Уже совсем стемнело, когда следы вывели его к волчьему логову. Солнце почти закатилось за горизонт, и на небе последние проблески пурпурного заката сражались с фиолетовой тьмой; поднялся ветер, сильный и холодный, он гнал тяжелые тучи и раскачивал вековые сосны, шумел в кронах и обжигал разгоряченное лицо, и Ахабьев ежился, пытаясь унять озноб, и сжимал обрез, до рези в глазах всматриваясь в груду бревен, досок и камней, под которой темнела дыра, откуда тянуло густым звериным духом и доносился едва слышный писк, похожий на детский плач.

Это был домик, понял Ахабьев.

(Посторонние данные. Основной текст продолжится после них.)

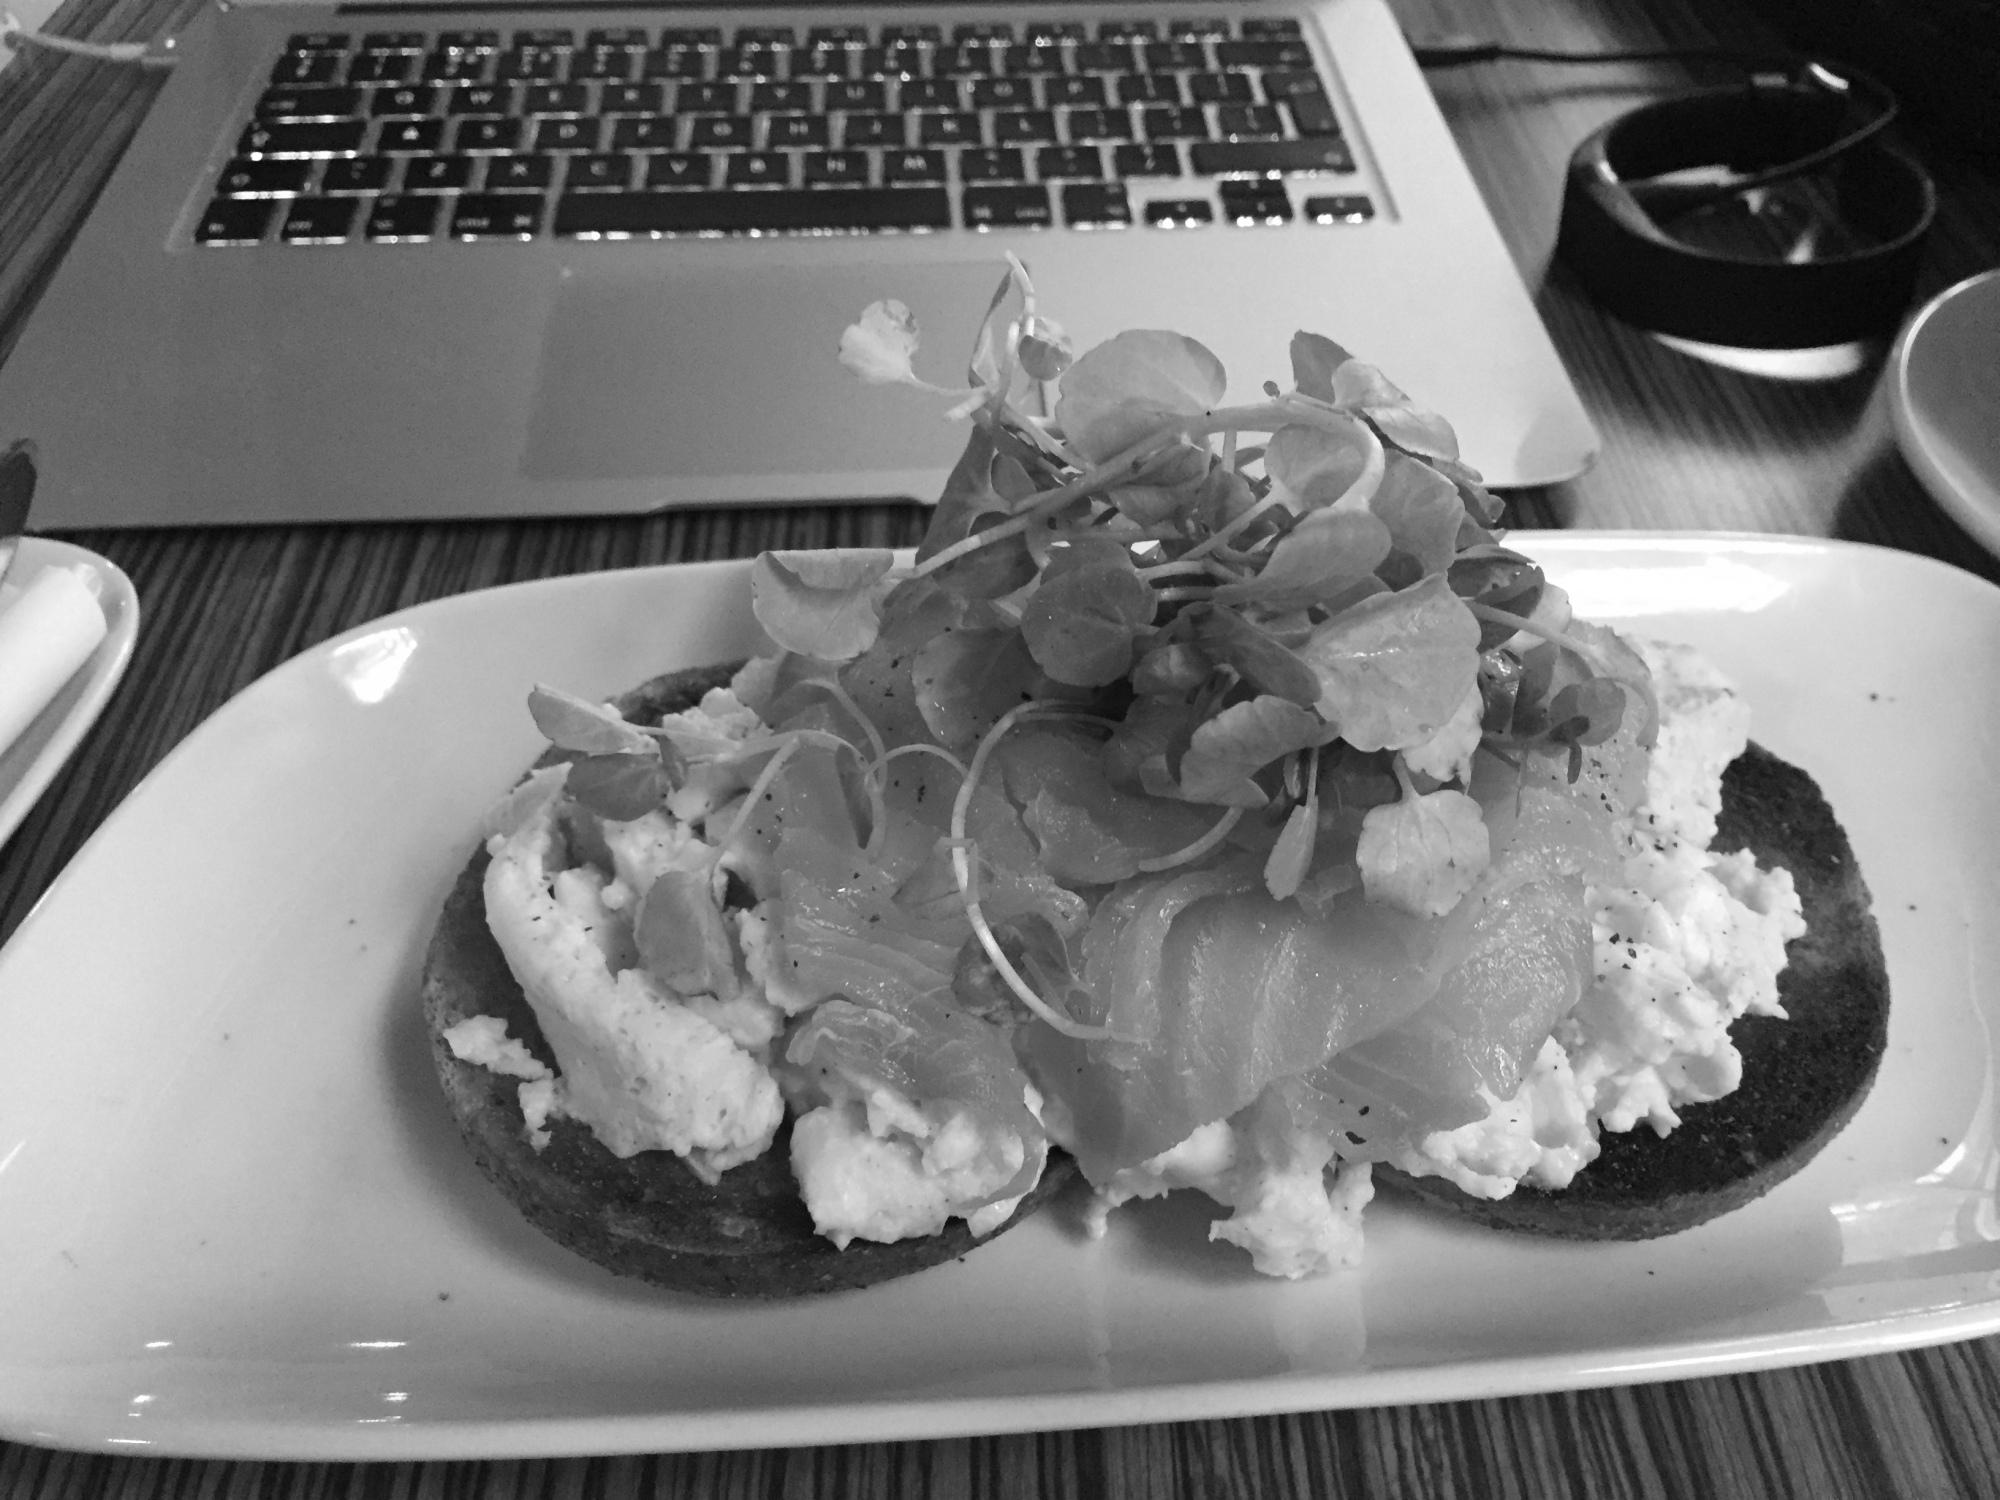 Antenna Nottingham New York Breakfast bagel mono

Охотничий домик. Маленькая избушка посреди леса. Она рухнула, и рухнула давно, а Зверь вырыл логово под ее фундаментом… Здесь, под обломками, в глубокой норе зверенышам его не страшны никакие бури.

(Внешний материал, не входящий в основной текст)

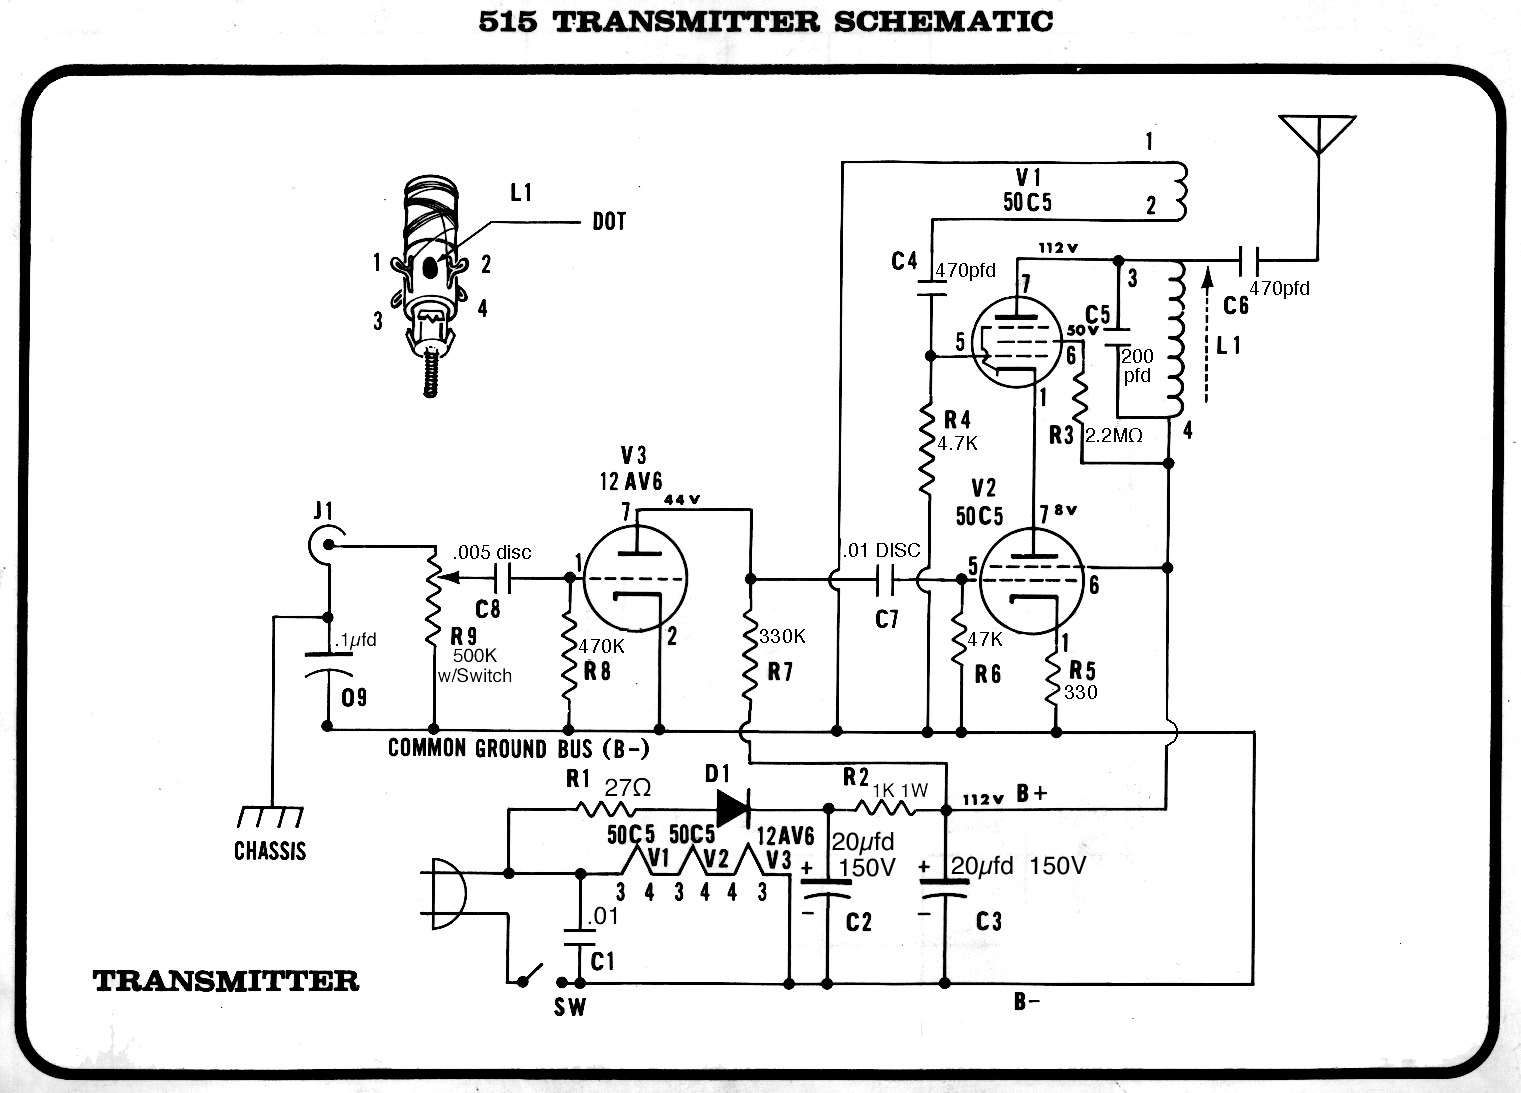 Index Of Orari Library Sw Hw Community Broadcasting Am Transmitter Circuit Diagram 515

Между прочим, о буре. Оценив угрожающую черноту беременных грозой туч и пронзительность ледяного ветра, прислушавшись к отдаленным раскатам грома и потянув носом густой, упругий воздух, Ахабьев подумал: сегодня ночью будет светопреставление, да такое, что вчерашний ливень покажется приятным моросящим дождиком… Что ж, так тому и быть. Да здравствует стихия!

Исполненный мрачной решимости, Ахабьев достал зажигалку, высек огонек и полез в волчью нору. Он был готов убивать, и он хотел убивать. Он слишком долго ждал этого мига…

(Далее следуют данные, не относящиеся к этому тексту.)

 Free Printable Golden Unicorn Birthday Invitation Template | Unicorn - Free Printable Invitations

Но вся готовность пролить кровь куда-то испарилась, когда ему в ладонь доверчиво уткнулись холодные носы волчат. Их было пять: пять маленьких меховых комочков, толстеньких лохматых щенков, неуклюже переваливающихся на коротких кривых лапах, радостно повизгивающих и облизывающих руку Ахабьева горячими и шершавыми языками. Пять пар желтых глаз, похожих на янтарные пуговицы, смотрели на него с влюбленной преданностью и легкой укоризной…

Я не могу, безмолвно простонал Ахабьев. Я просто не могу.

Ведь не зверь же я, в конце концов! Я не смогу их убить. В чем они виноваты?! Тем, что отец их — Зверь?… А в чем был виноват мой сын?! Зверь убил его… Но на то он и Зверь. А я не стану убивать беспомощных щенков… Дурак и сопляк! — завопил его глас рассудка. Это они сейчас беспомощные! А скоро они вырастут. Давай, мсти пока можешь! Нельзя же упускать такой шанс!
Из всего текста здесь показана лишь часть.